The fact that he claims to have told all of his family about you is very creepy, you are still virtual strangers. On the last bank holiday, neither of you knew each other existed. Please approach with caution.

Qwerty543 · 24/05/2020 15:58

It's been 10 days.
He says he loves you.
He's asked you to be his girlfriend.
You've met a friend already.
You've met every other day - so 5 days.

And you're asking for thoughts?

If this is even real, don't be an idiot and stop being so naive. I'm naive and even I'm not this stupid.

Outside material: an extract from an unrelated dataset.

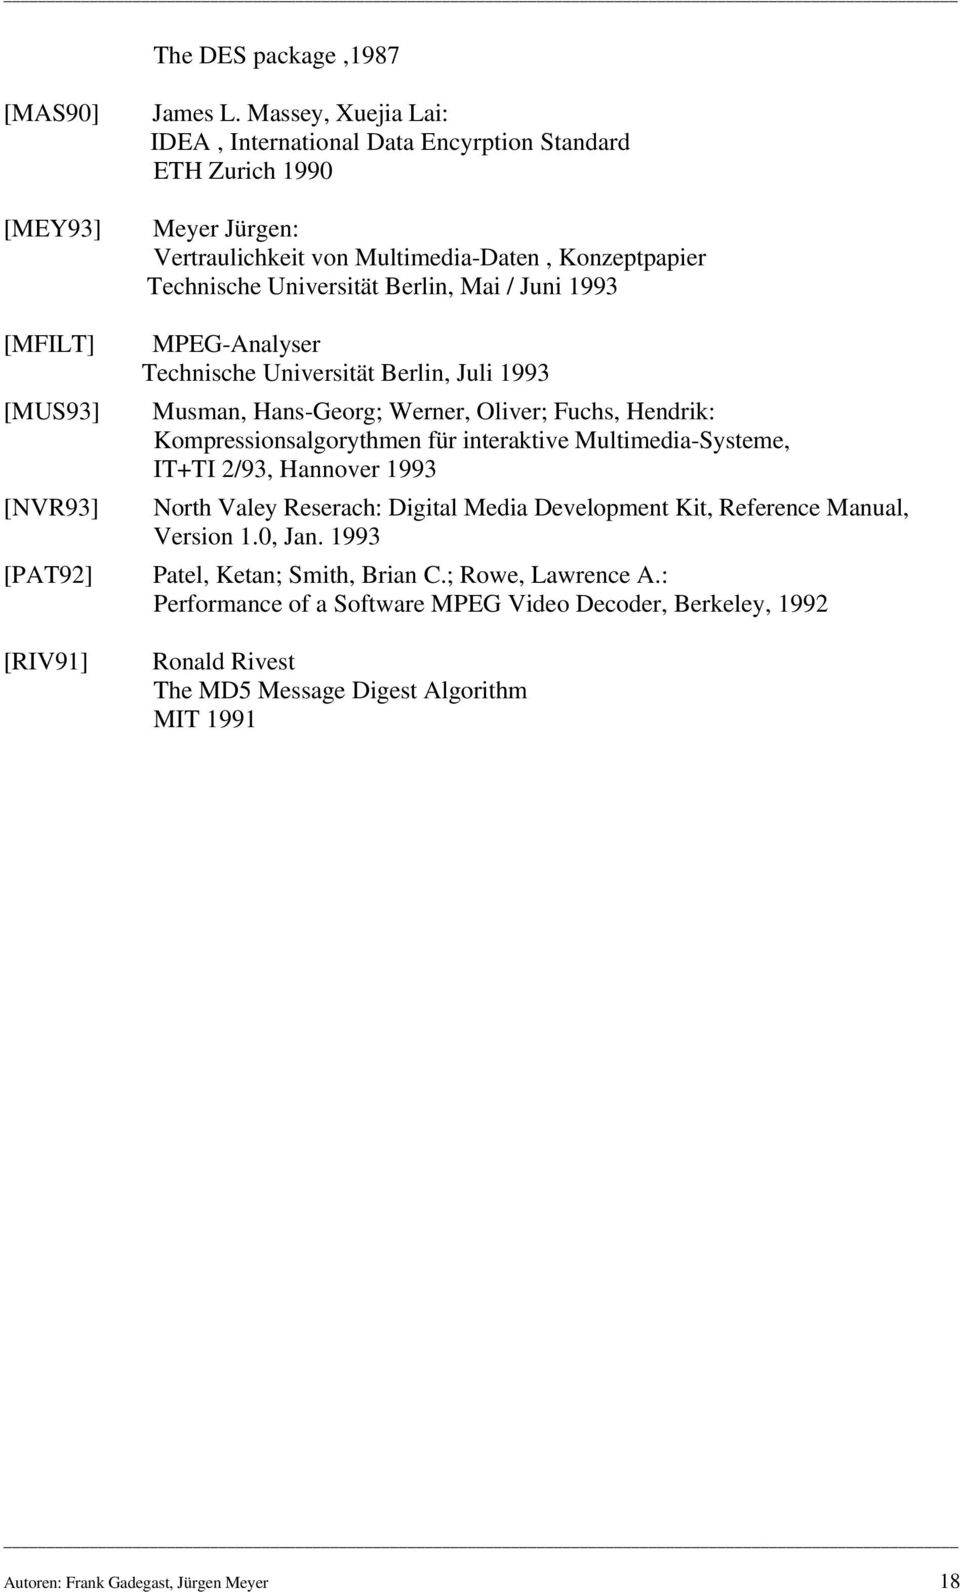 MPEG-Analyser Technische Universität Berlin, Juli 1993 Musman, Hans-Georg; Werner, Oliver; Fuchs, Hendrik: Kompressionsalgorythmen für interaktive Multimedia-Systeme, IT+TI 2/93, Hannover 1993

BitOfFun · 24/05/2020 15:58

He sounds like a right weirdo. And frankly, at your age, I'm surprised you are so eager to indulge him.

Christ, woman, you have kids!

Take a look a yourself and stop being such a plank!

Crikey0000 · 24/05/2020 16:00

Run for the hills.

Lampan · 24/05/2020 16:05

EVEN IF he was a normal person (and I really doubt he is cos a normal person would realise it is far too much to declare love at this stage), what’s the rush??
He hasn’t even touched you or been within a 2m radius and he’s declaring love??
You can’t possibly know anything real about him at this stage. You haven’t been to his house, or met his friends etc. That list you posted could well have more positives on it under normal circumstances - for example you don’t know if he changes according to who he is with!
Plus he may have terrible personal hygiene and you wouldn’t know that yet...

Bunnymumy · 24/05/2020 16:08

YouTube search for:
red flags of a narcissist #1: love bombing

It's by a user called thrive after abuse.

She actually mentions specifically about hearing 'I love you're early on. How she looks back on it now and realises it was actually quite insulting - because he didn't even know her! And how shallow must his emotions be if he can just rattle that words off to someone he barely knows.